**Problem statement:**
Determine the number of lines in the listing below that hold the word "pleated". Write the number alone.

**Information supplied:**
******************************

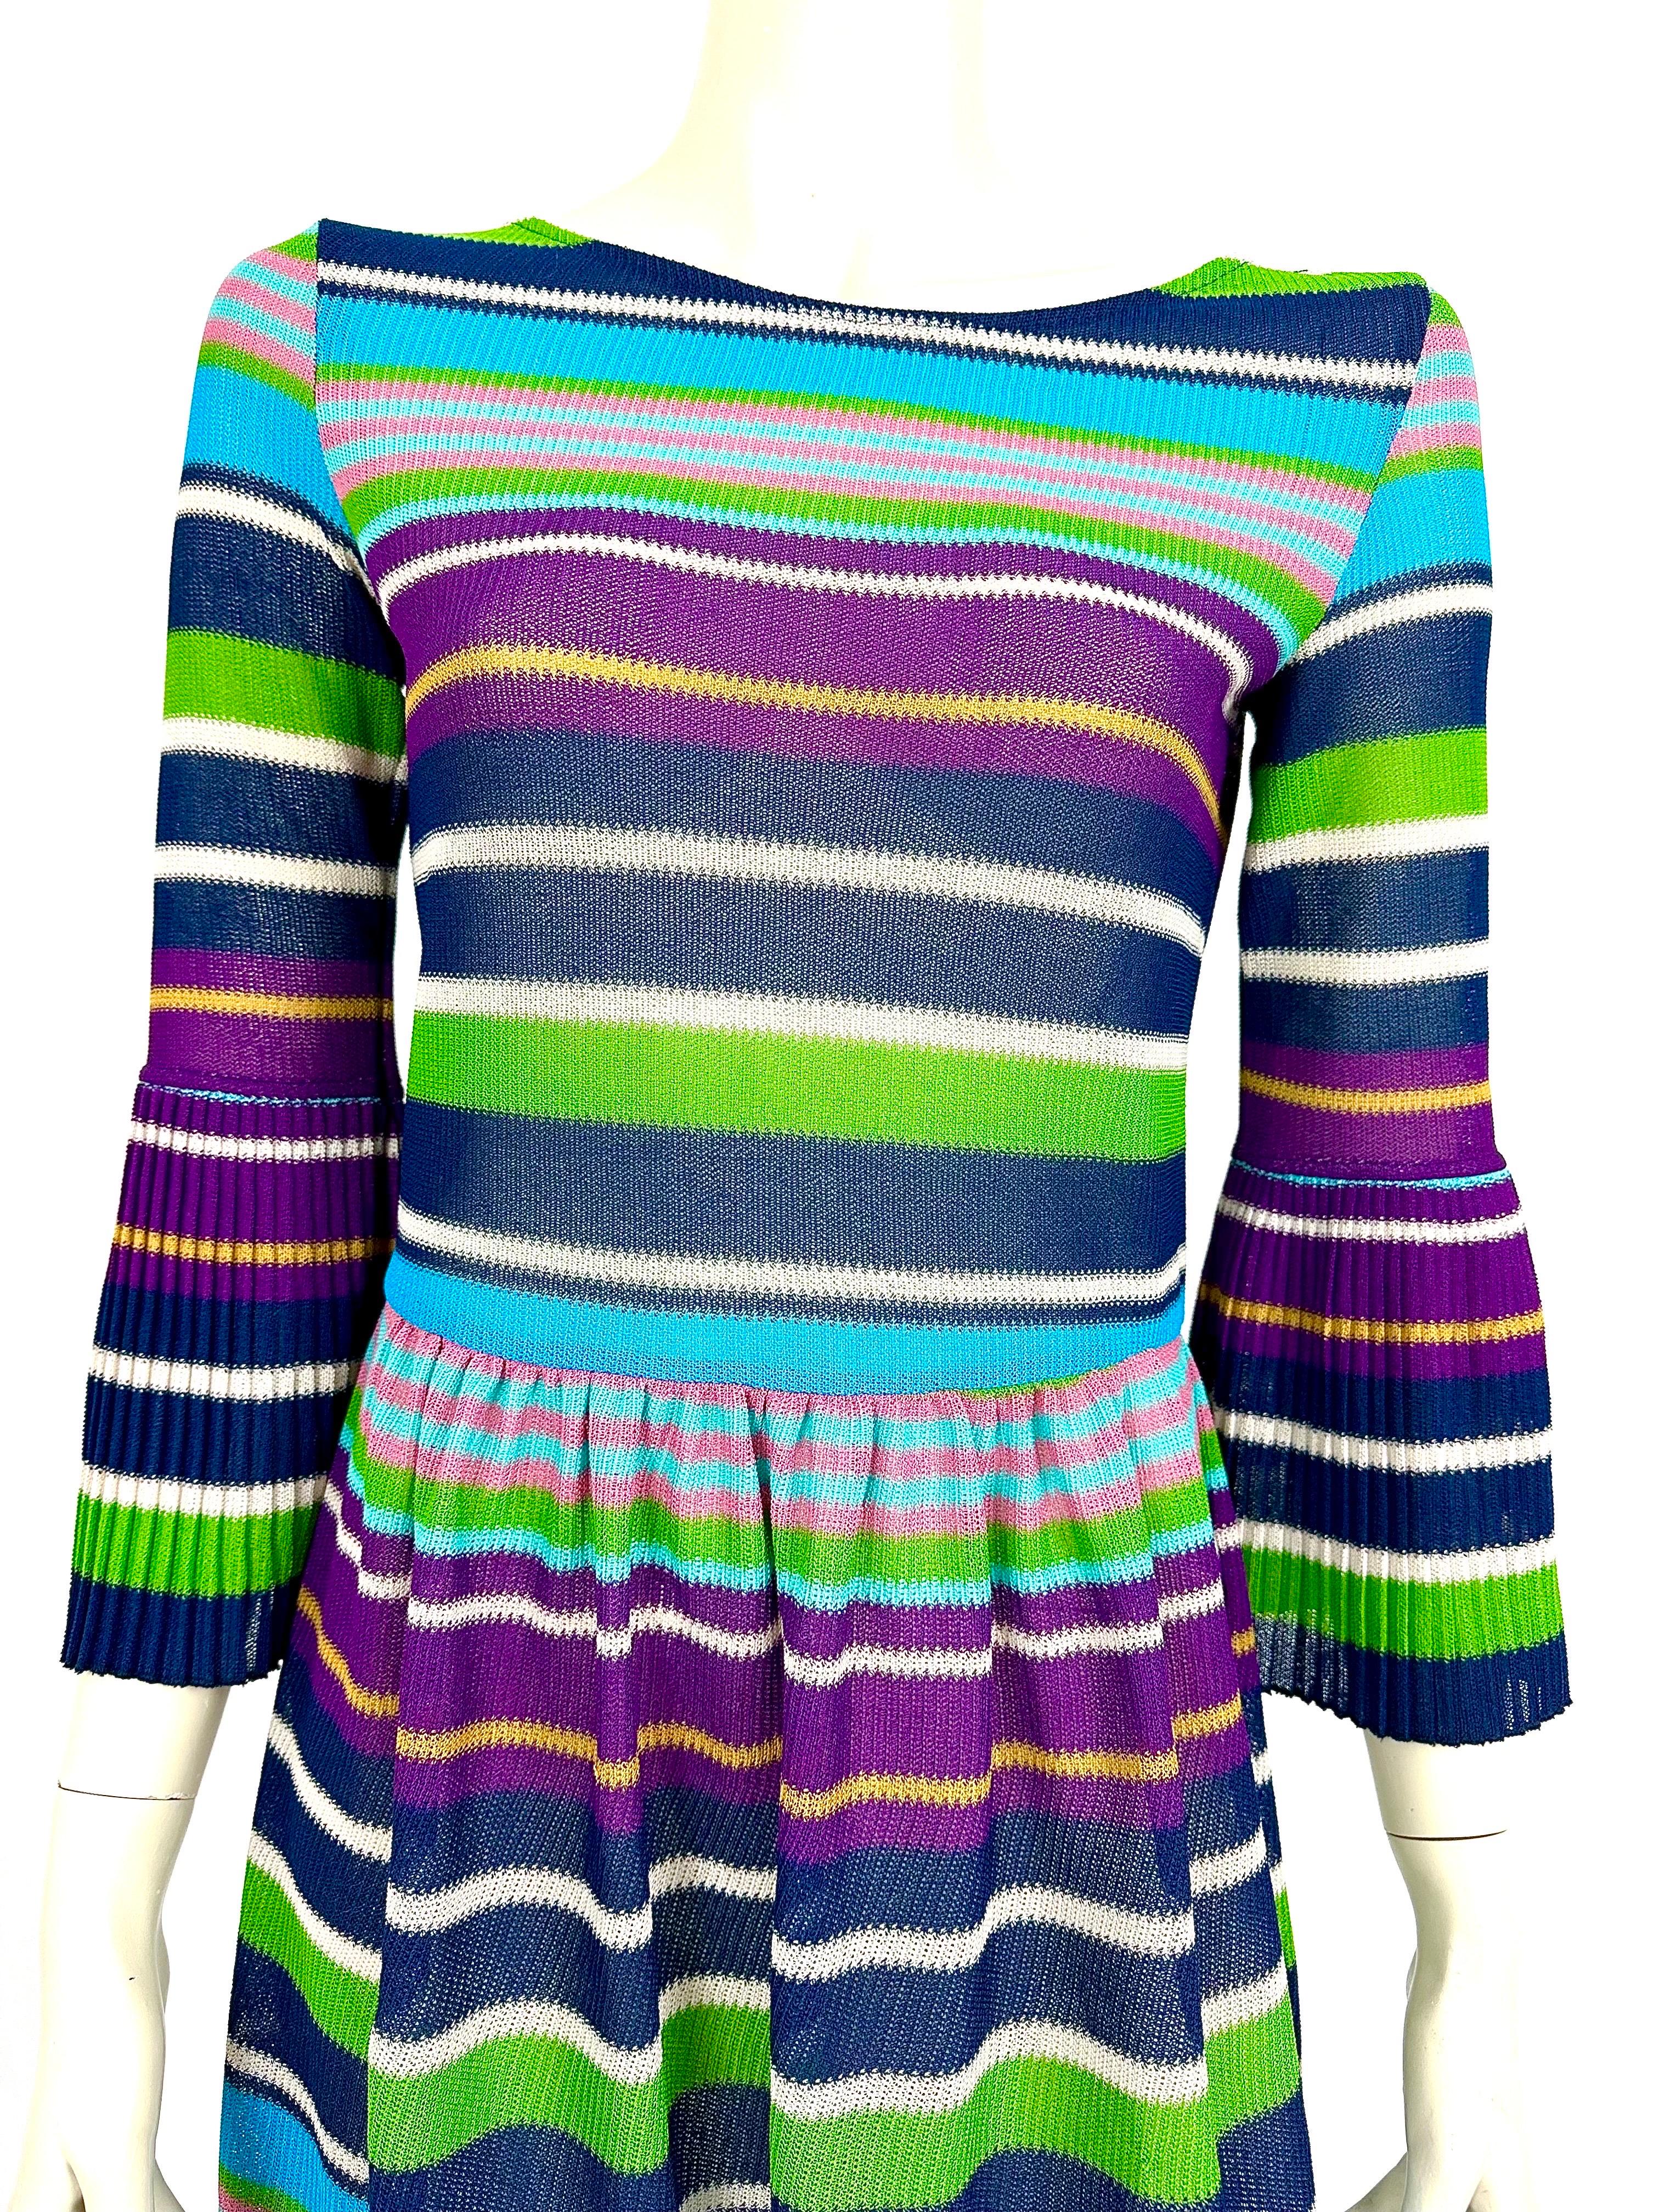 Vintage Missoni dress
knitwear from the 1980s.
Multicolored horizontal stripes.
Round collar, beautiful pleated sleeves on the forearm.
The skirt is also pleated at the waist.
The slightly transparent dress is not lined with fabric.

Composition and

******************************

**Problem solution:**
2